Cloud-native application protection platform
Cloud-native application protection platform technology integrates cloud security posture management and cloud workload protection platform capabilities into a single system, providing automated configuration and vulnerability monitoring across cloud environments.
Security automation vs. security orchestration
Security automation and security orchestration are closely related concepts. In many respects, security orchestration is a superset of security automation capabilities, delivering automation across several tools instead of only one.
The chart below outlines key differences between security automation and security orchestration:
Aspect | Security automation | Security orchestration |
Scope | Executes single, repetitive tasks | Coordinates multistep workflows across tools (e.g., isolates endpoints + revokes access + generates alerts) |
Primary function | Reduces manual effort for individual actions | Manages interconnected processes across environments |
Task complexity | Low complexity; follows predefined rules | High complexity; adapts to dynamic conditions (e.g., escalating threats) |
Integration needs | Works within a single system (e.g., firewall) | Connects multiple platforms -- SIEM, XDR; identity and access management -- via APIs |
Common use cases | • Patch deployment • Log analysis • Malware quarantine |
• Incident response playbooks • Compliance audits • Threat intelligence sharing |
What is the future of security automation?
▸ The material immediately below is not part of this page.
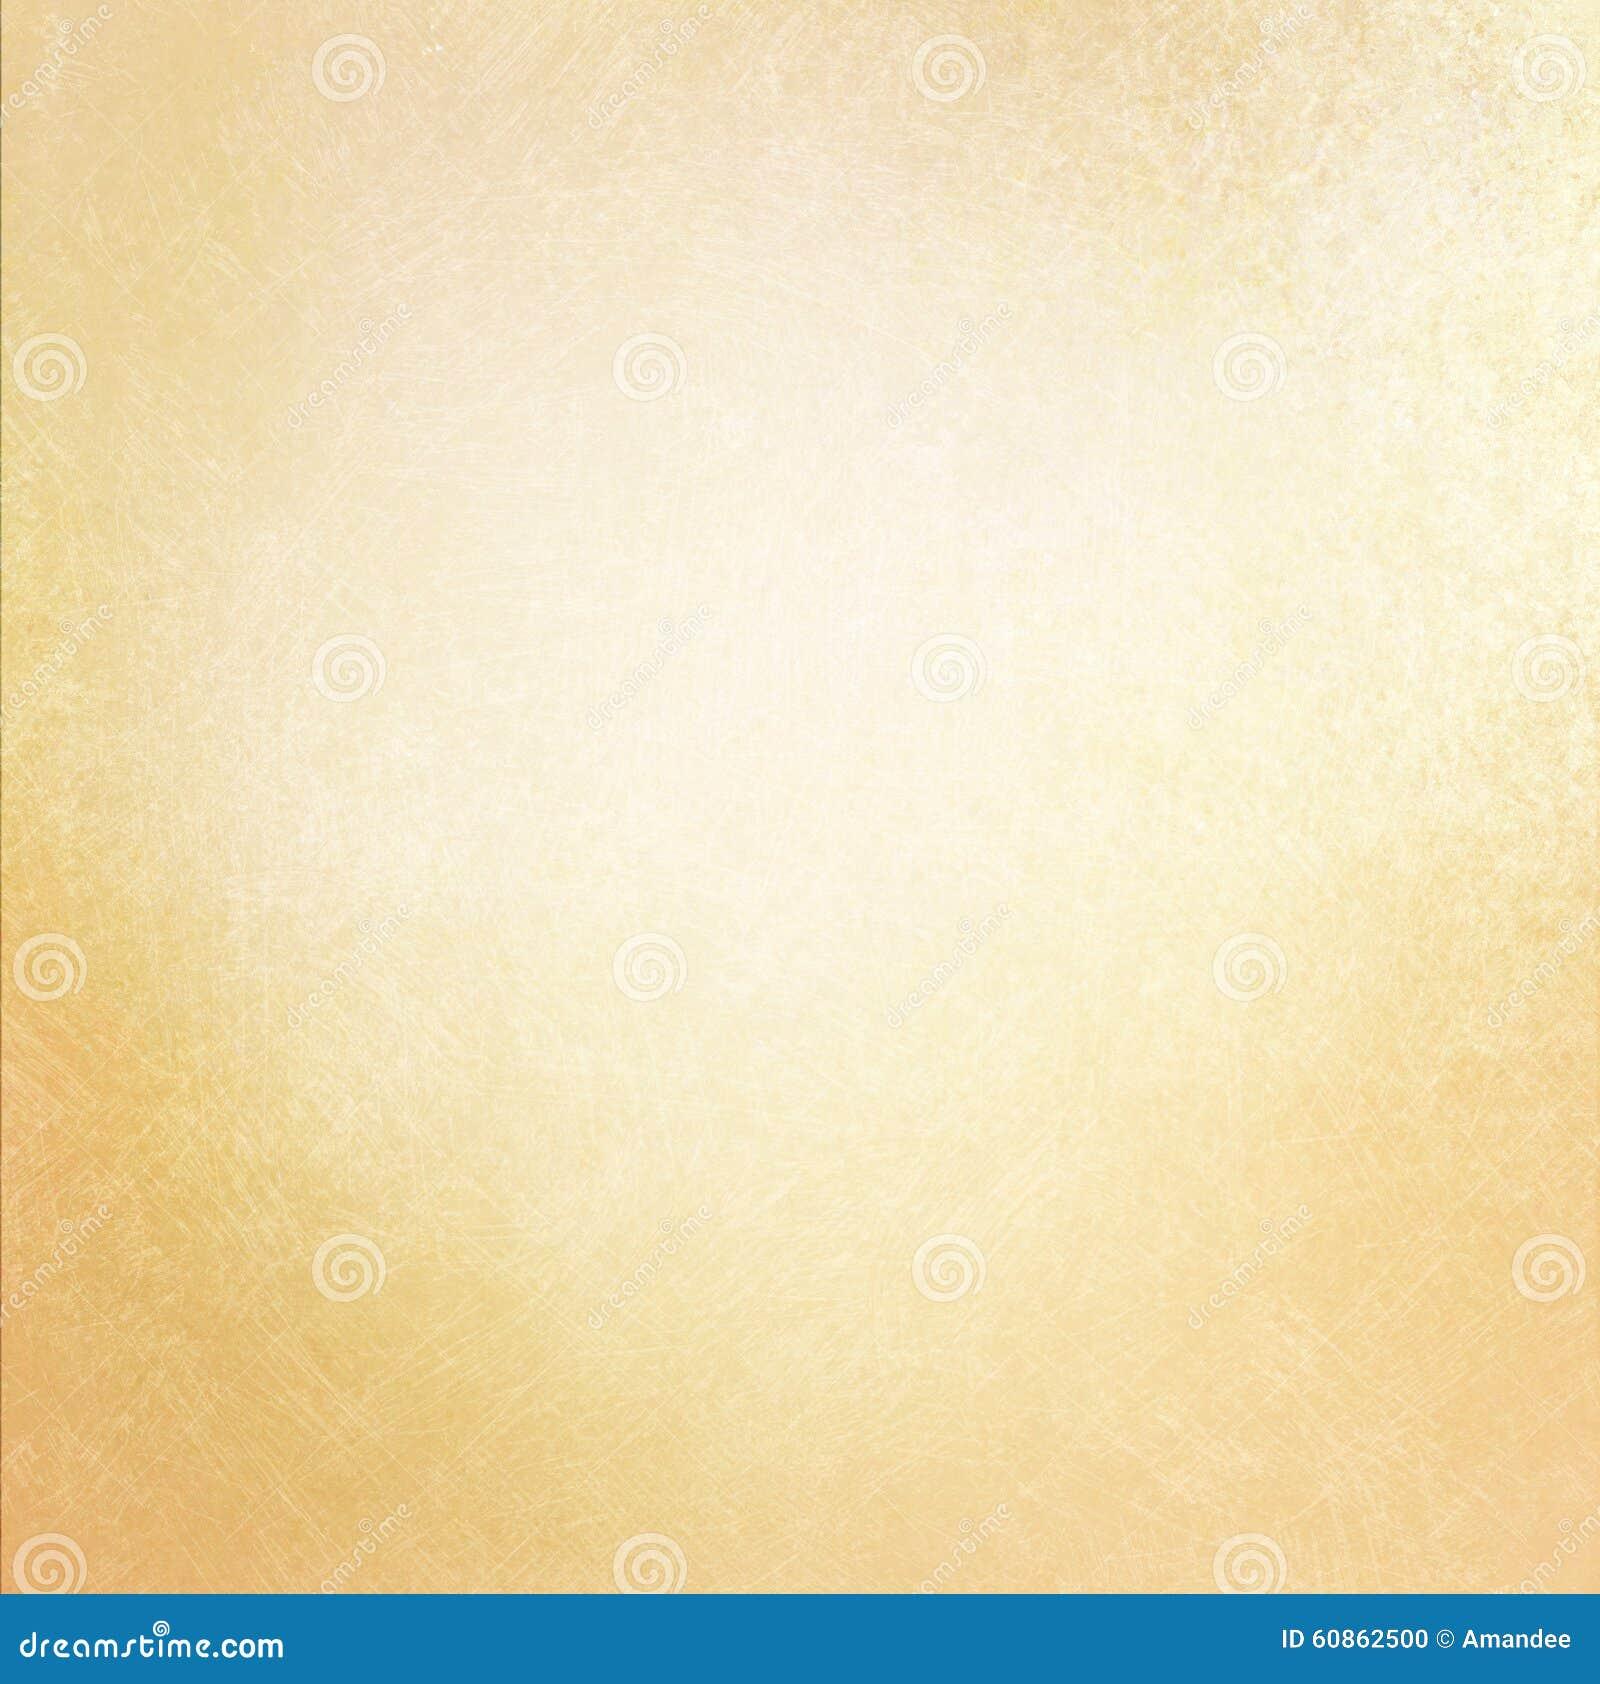 Rocznika stary papierowy tło z miękkim złocistym kolorem i porysowaną teksturą

Security automation largely began with rules-based responses: When a certain threshold or event occurred, automation triggered another action.
Artificial intelligence (AI) and ML are changing all aspects of IT and already impacting security automation, moving the process beyond a rules-based approach to improve the speed and accuracy of risk analysis.
With AI/ML-powered predictive analytics, security automation promises not only identification and response to risks, but anticipation and prediction of potential threats.